Expected value for the number of elements in difference of two subset

91 Views Asked by At

I have a set of $n$ integers $X=\{1,...,n\}$. I select $m$ values uniformly with replacement from $X$. Let $A$ denotes this random subset and $|A|$ be the random variable for the number of distinct elements in $A$. Now, I select $m_0=E(|A|)$ values with replacement from $X$. Let $B$ denotes this random subset and $|B|$ be the random variable for the number of distinct elements in $B$. What is the expected value for the number of distinct elements in $B-A$? Is this true that $$E(|B-A|)= E(|B|)\left(1-\frac{E(|A|)}{n}\right)?$$

1

There are 1 best solutions below

0
On

Given $m$, the value of $m_0 = \mathsf{E}(|A|)$ is also fixed.
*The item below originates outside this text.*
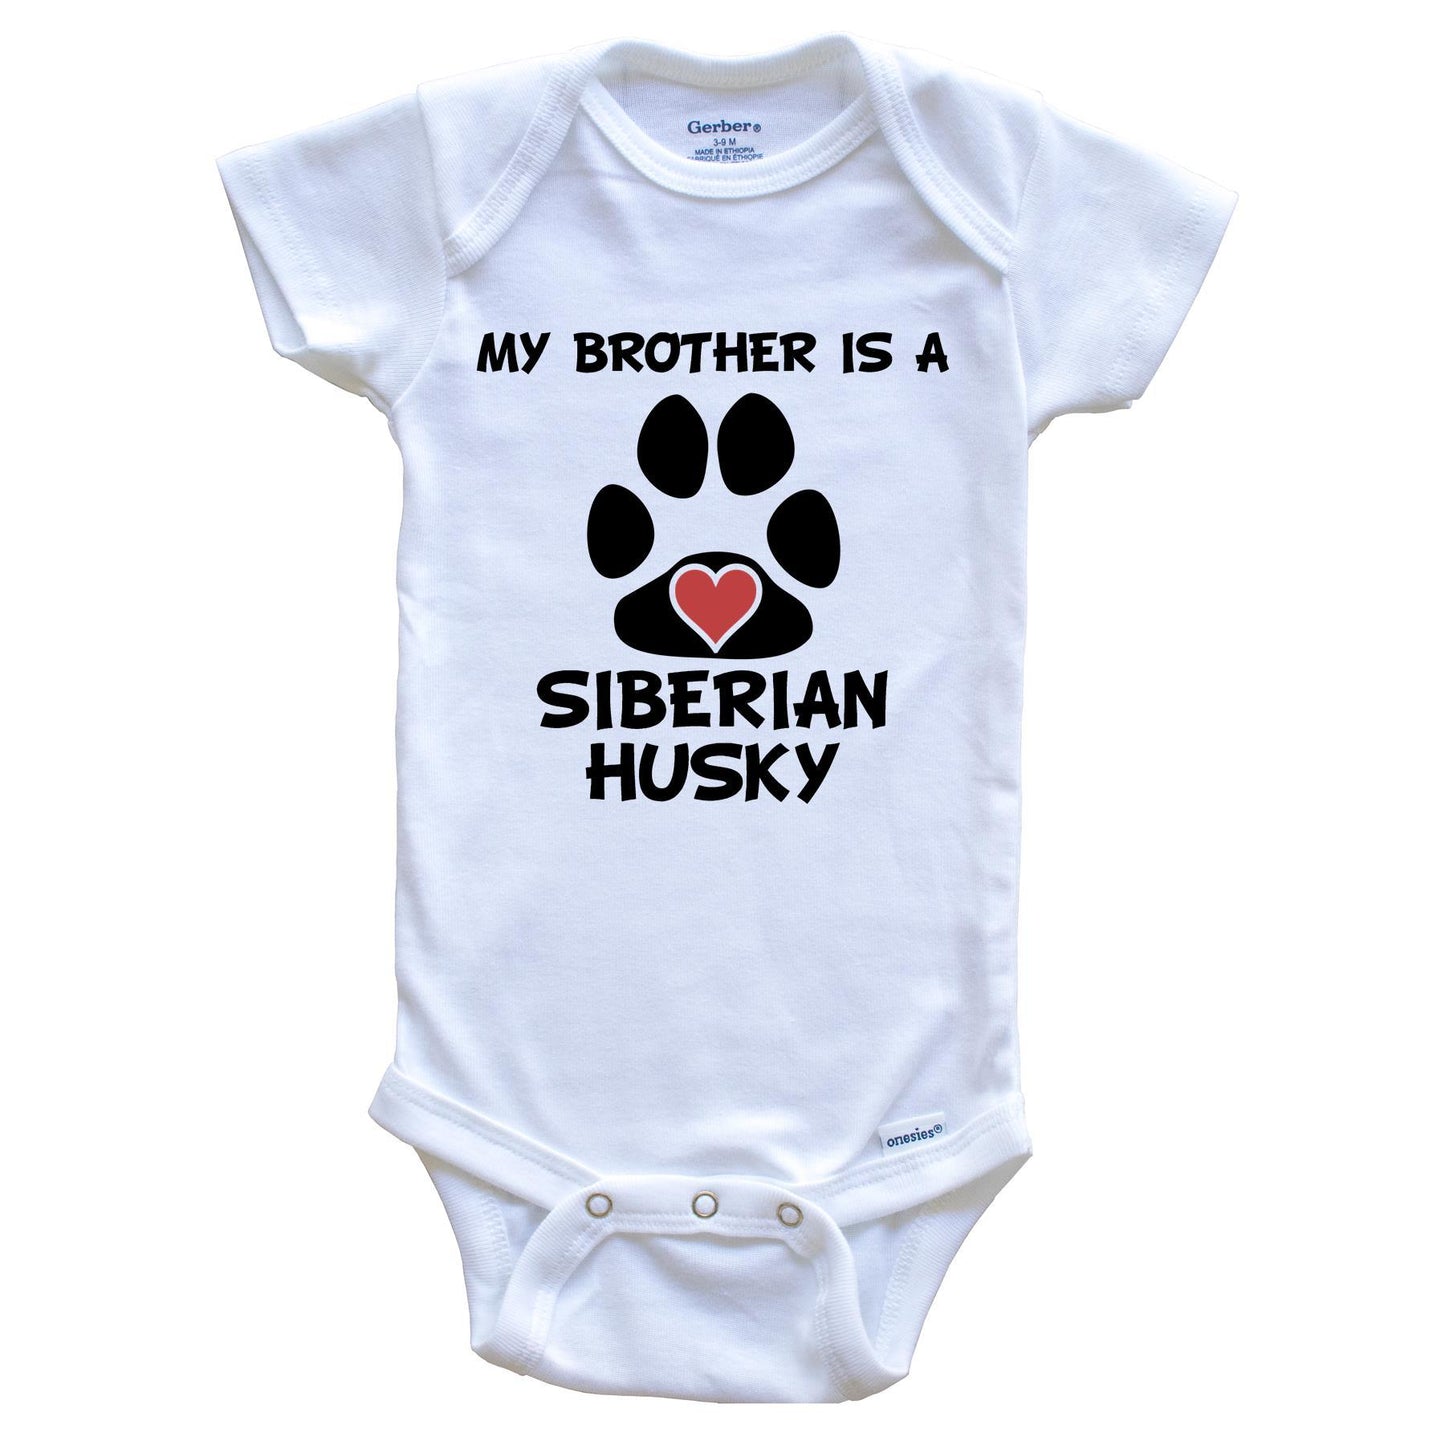 My Brother Is A Siberian Husky Baby Onesie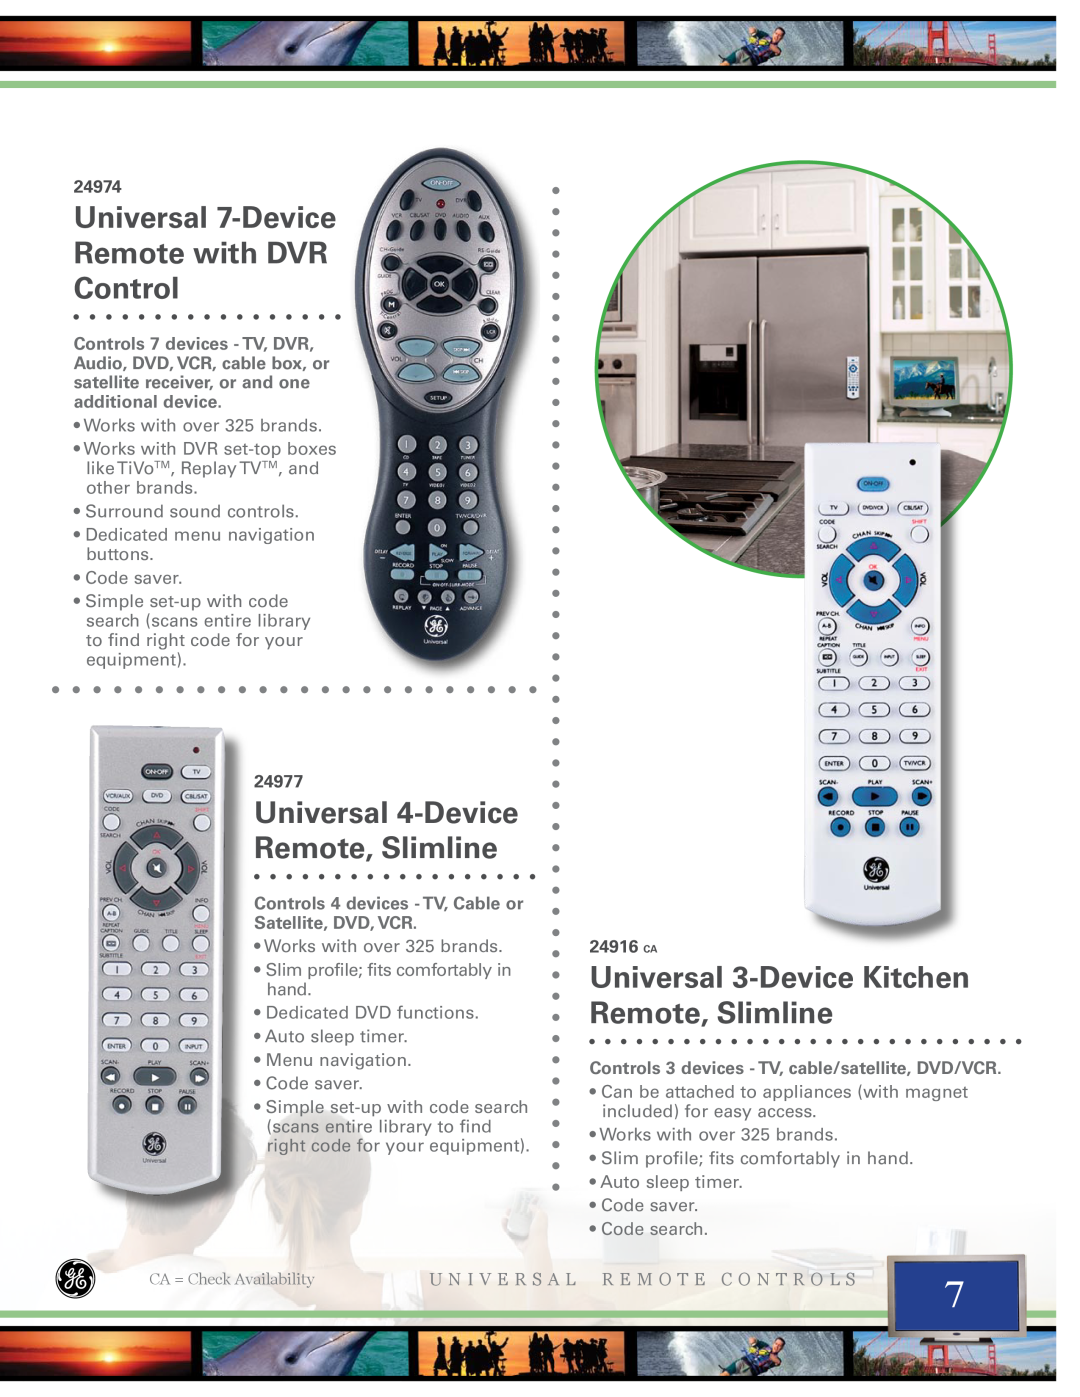 Jasco 24950, 25001 Universal 7-Device Remote with DVR Control, Universal 4-Device Remote, Slimline, 24974, 24977, 24916 CA

For each integer $i$ in $X$, define a random variable $Y_i$ such that $$ Y_i = \begin{cases} 1 & \text{if $i \in B$ and $i \not \in A$} \\ 0 & \text{otherwise} \end{cases} $$ Then $$ |B - A| = \sum_{i= 1}^n Y_i $$ and thus $$ \mathsf{E}(|B - A|) = \sum_{i=1}^n \mathsf{E}(Y_i) $$ For each $i$, it is not in $A$ with probability $\left(\frac{n-1}{n}\right)^m$ and is in $B$ with probability $1 - \left(\frac{n-1}{n}\right)^{m_0}$. Thus $$ \mathsf{E}(Y_i) =\color{red}{\left(\frac{n-1}{n}\right)^m}\cdot\color{blue}{\left(1 - \left(\frac{n-1}{n}\right)^{m_0}\right)} = \color{red}{\left(1 - \frac{\mathsf{E}(|A|)}{n}\right)} \cdot \color{blue}{\frac{\mathsf{E}(|B|)}{n}} $$ and $$ \mathsf{E}(|B - A|) = \mathsf{E}(|B|)\cdot \left(1 - \frac{\mathsf{E}(|A|)}{n}\right) $$